Assuming Investigator Bryan conducted an unlawful, warrantless search of the SD cards, the independent source doctrine would not cure the Lauderdale County warrant, either. Absent a description of the cards' contents, the remaining evidence submitted in the warrant application does not amount to probable cause for crimes relating to the production and possession of child sexual abuse material.
If the court excised from the Lauderdale County warrant affidavit all descriptions of the SD cards' contents, the following evidence remains:
• Mininger regularly visited S.H.'s residence to see S.H. and her children. (Doc. 48-2 at 2).
• Mininger visited S.H.'s residence on November 27 over the Thanksgiving holiday. (Id.).
• Minor One located two hidden cameras disguised as USB charging blocks, one in a bathroom primarily used by S.H.'s children and one in Minor One's bedroom. (Id.).
• Both cameras contained SD cards. (Id.).
• Minor One removed both SD cards from the cameras. (Id.).
• Mininger admitted placing the cameras to record Minor One's eighteen-year-old friend. (Id.).
• Mininger regularly brought his cell phone, multiple laptops, and USB drives into S.H.'s residence. S.H. observed Mininger “uploading and scanning different things using USB drives.” (Id. at 3).
Although these details amount to probable cause for the crimes of peeping tom and voyeurism under South Carolina law, they do not evince a nexus between those alleged crimes and Mininger's residence so as to establish probable cause that evidence of sexual exploitation of a minor or CSAM possession existed at the residence. The facts at the evidentiary hearing established Minor One removed the SD cards from the cameras and viewed at least some of their contents.

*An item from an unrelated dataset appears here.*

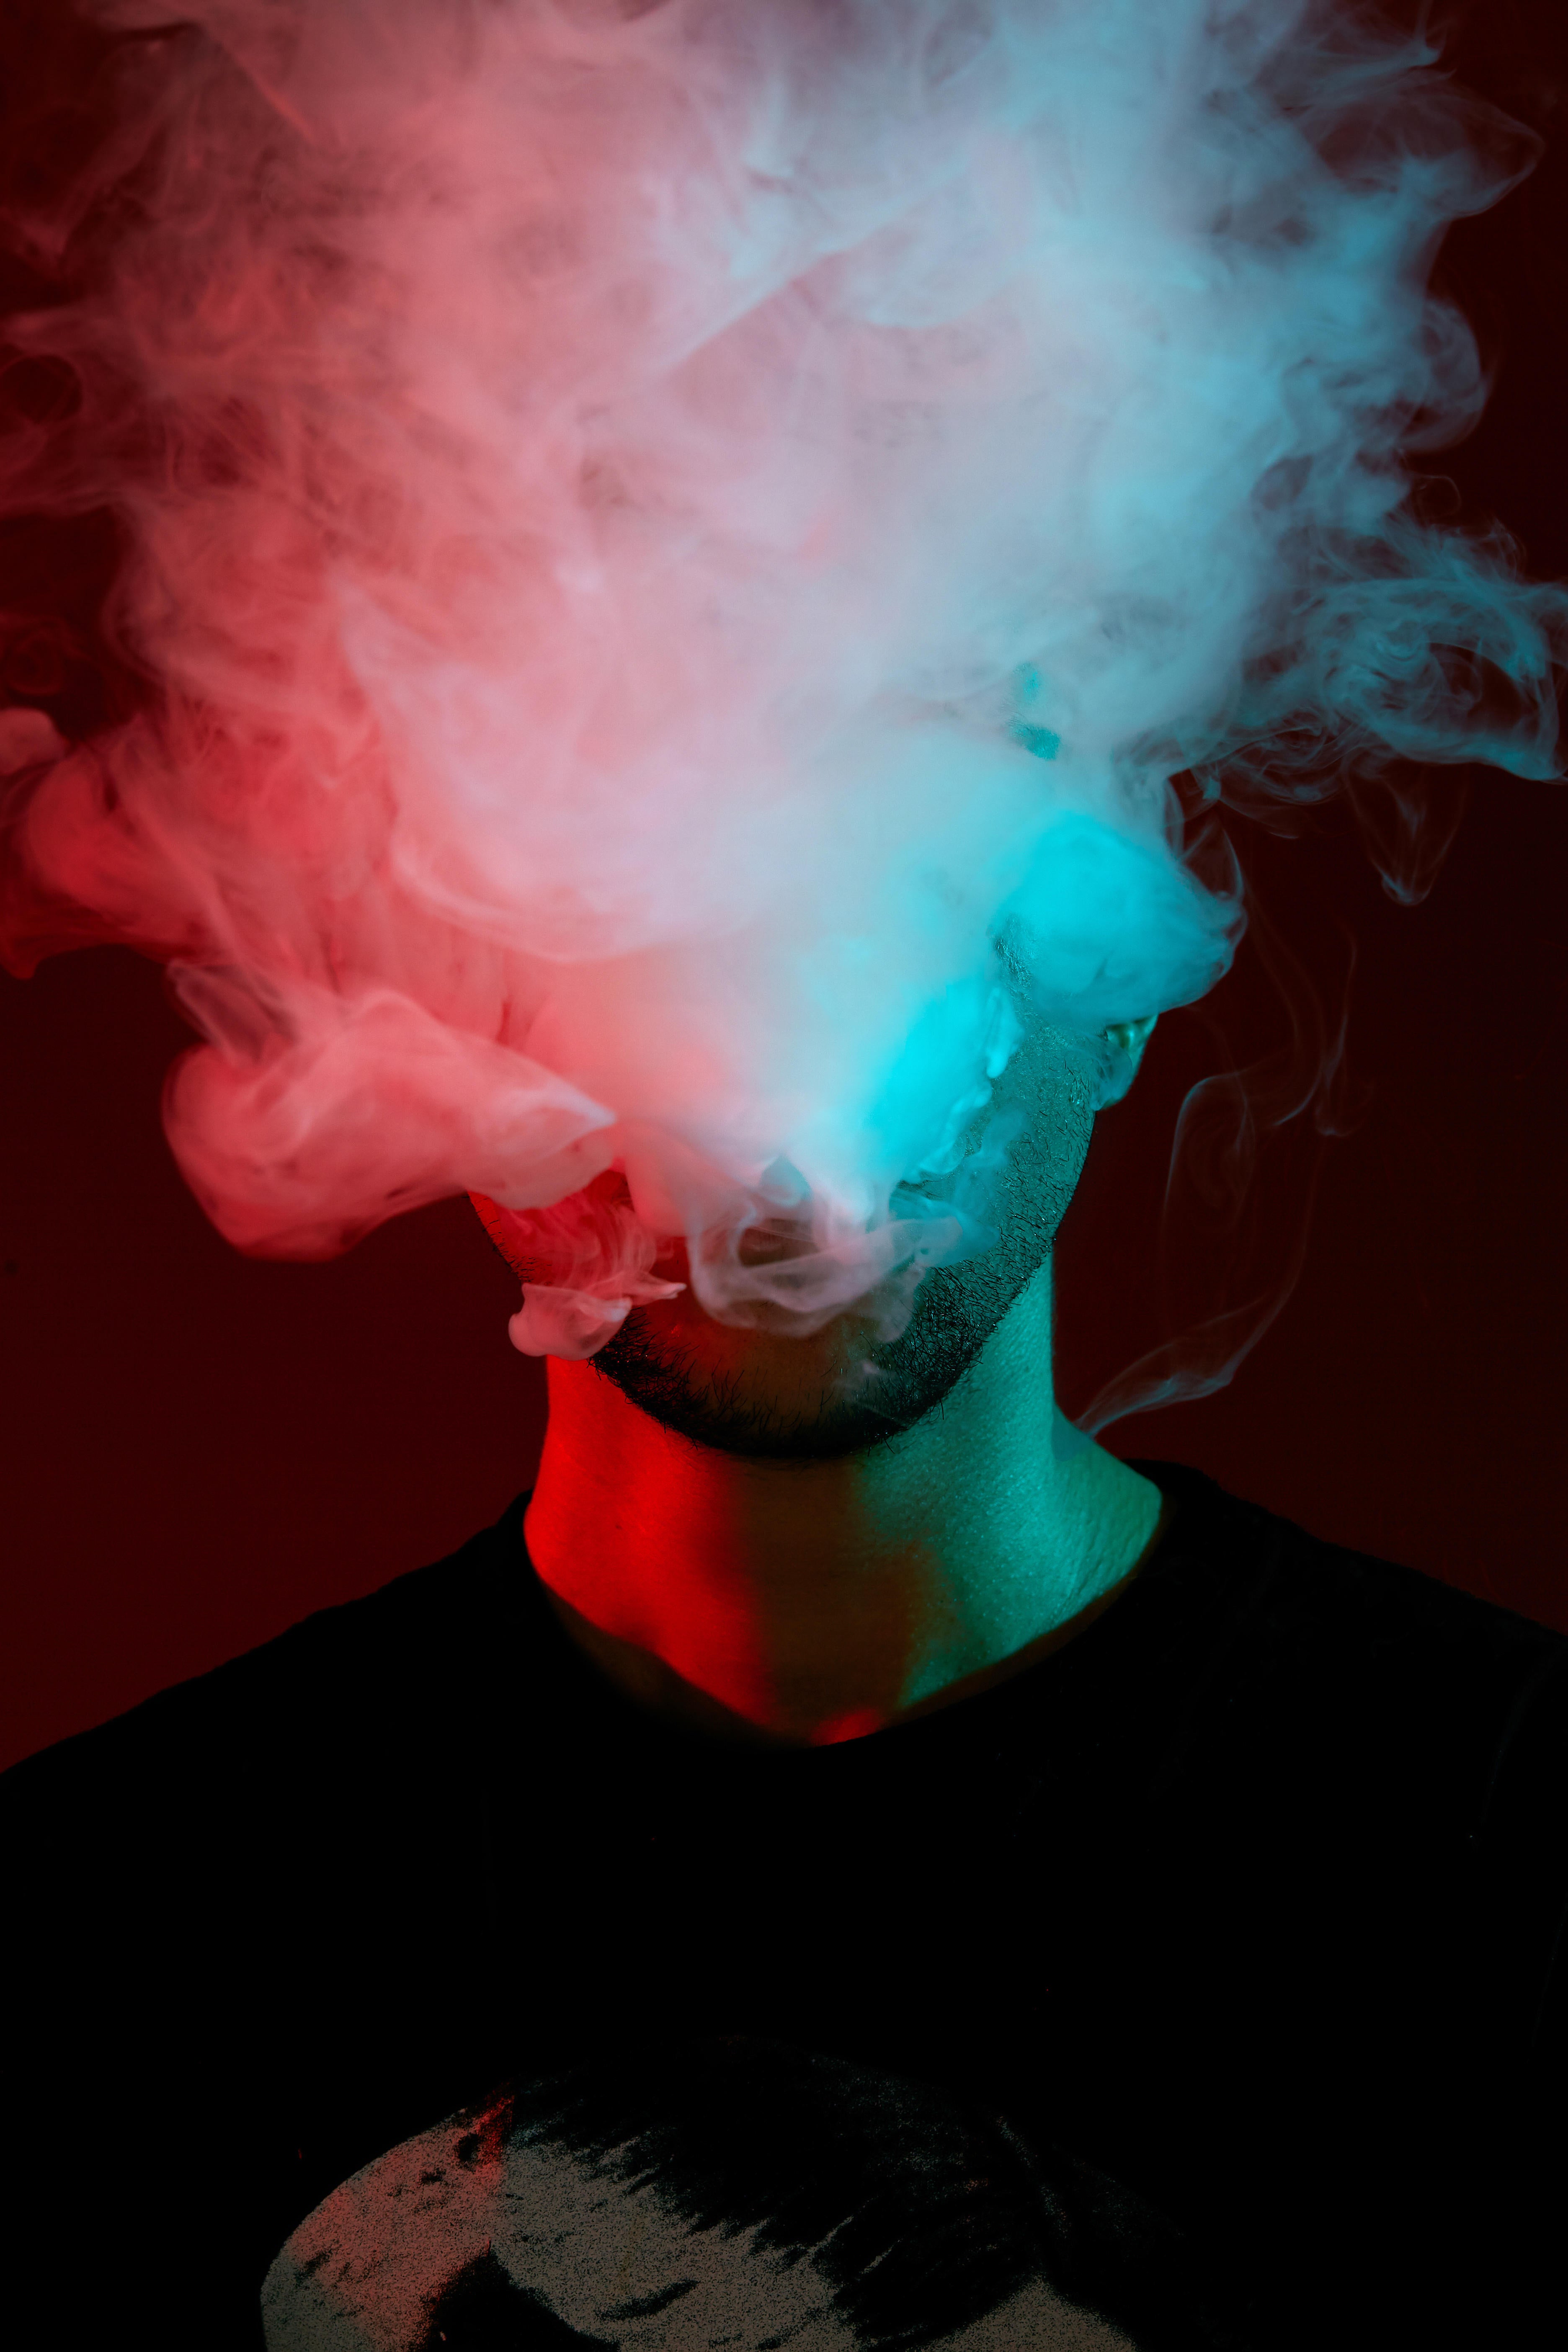 Man blows smoke, uses a vaping device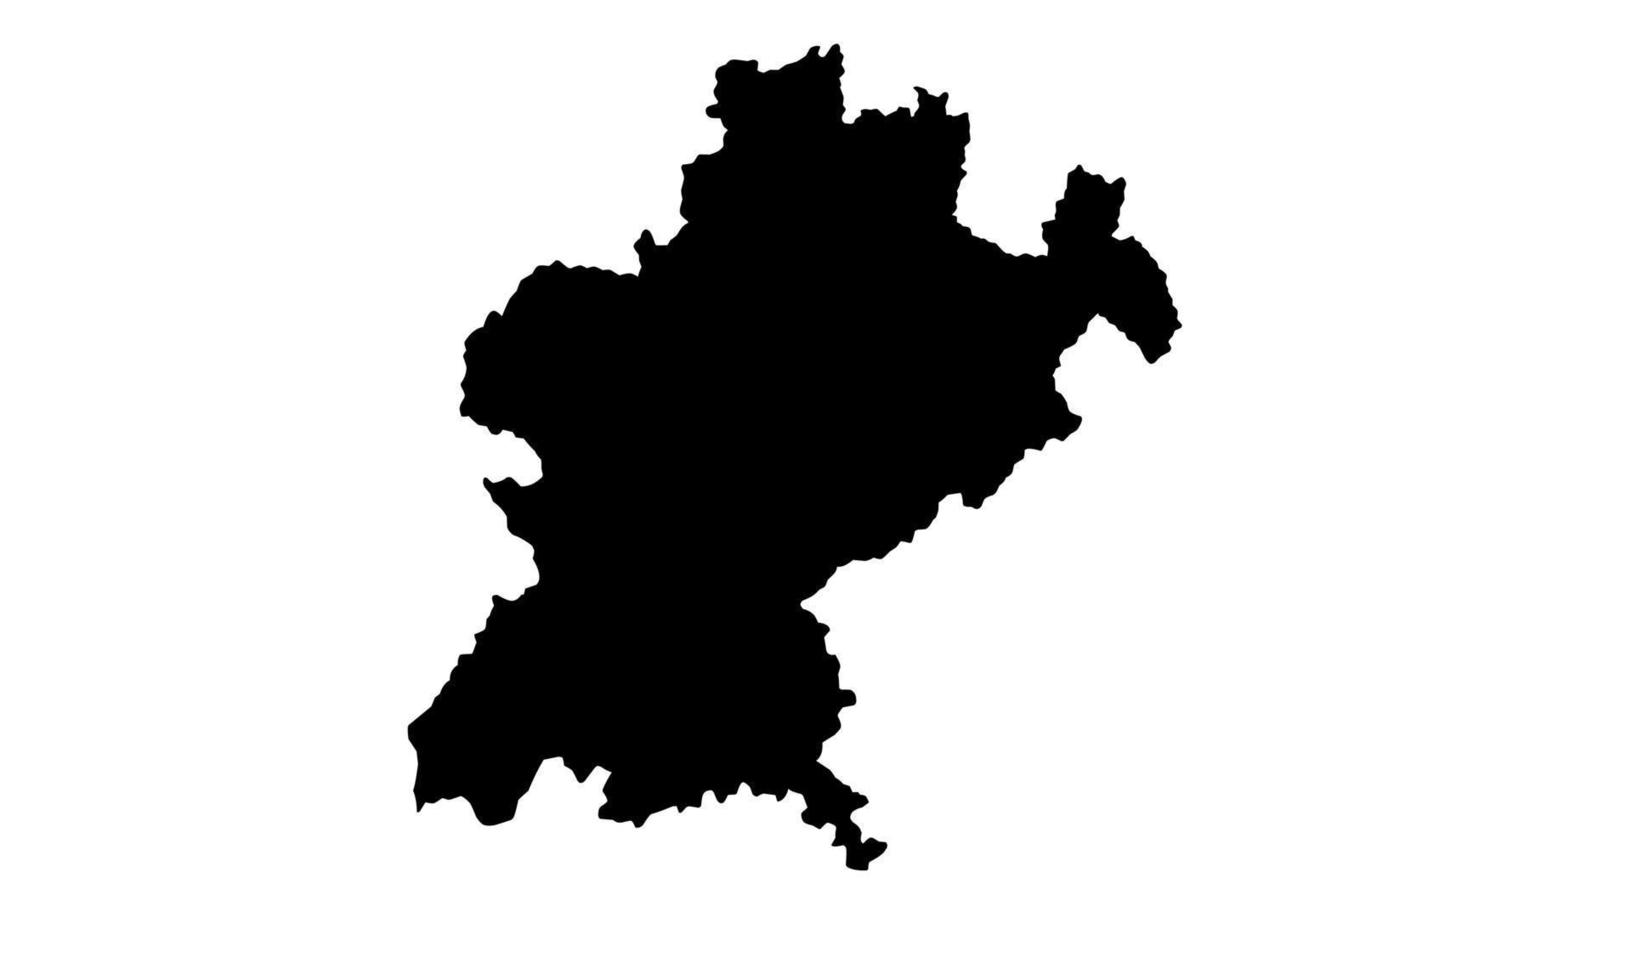 SANTAREM map black silhouette on white background vector

Minor One reportedly told her mother, “This [indicating one of the SD cards] was in the bathroom. This [indicating the other card] was in my room, pointed at my bed. And I took the SD cards out of these devices and I looked at them. And it's just me and [eighteen-year-old friend] watching a movie last night.” (Doc. 54 at 13) (emphasis added).[25] According to this verbal observation, Minor One did not specifically mention viewing images or videos of herself or her minor siblings in states of nudity—although an implicit inference of such content certainly arises. In addition, absent later forensic examination of the SD cards' contents, the evidence in the warrant application does not corroborate whether the footage captured was continuous or whether the cameras recorded activity in the rooms in question throughout the duration of Mininger's visit. Moreover, a purely exterior inspection of the cards would not allow one to ascertain the amount of occupied storage or the character of any additional data. Furthermore, the testimony recounting Mininger's use of USB drives to ostensibly upload data to a computer only weakly suggests he may have uploaded images from the SD cards to his computers in the absence of other evidence.
*20 In sum, the foregoing recited facts of events occurring in South Carolina do not amount to a fair probability Mininger's Lauderdale residence contained crimes of sexual exploitation of a minor or CSAM possession. If the Lauderdale warrant application established the SD cards contained voluminous information corresponding to the time he occupied the premises, or that it actually contained CSAM (as it did), then a sufficient nexus would have manifested between the SD cards and Miniger's residence.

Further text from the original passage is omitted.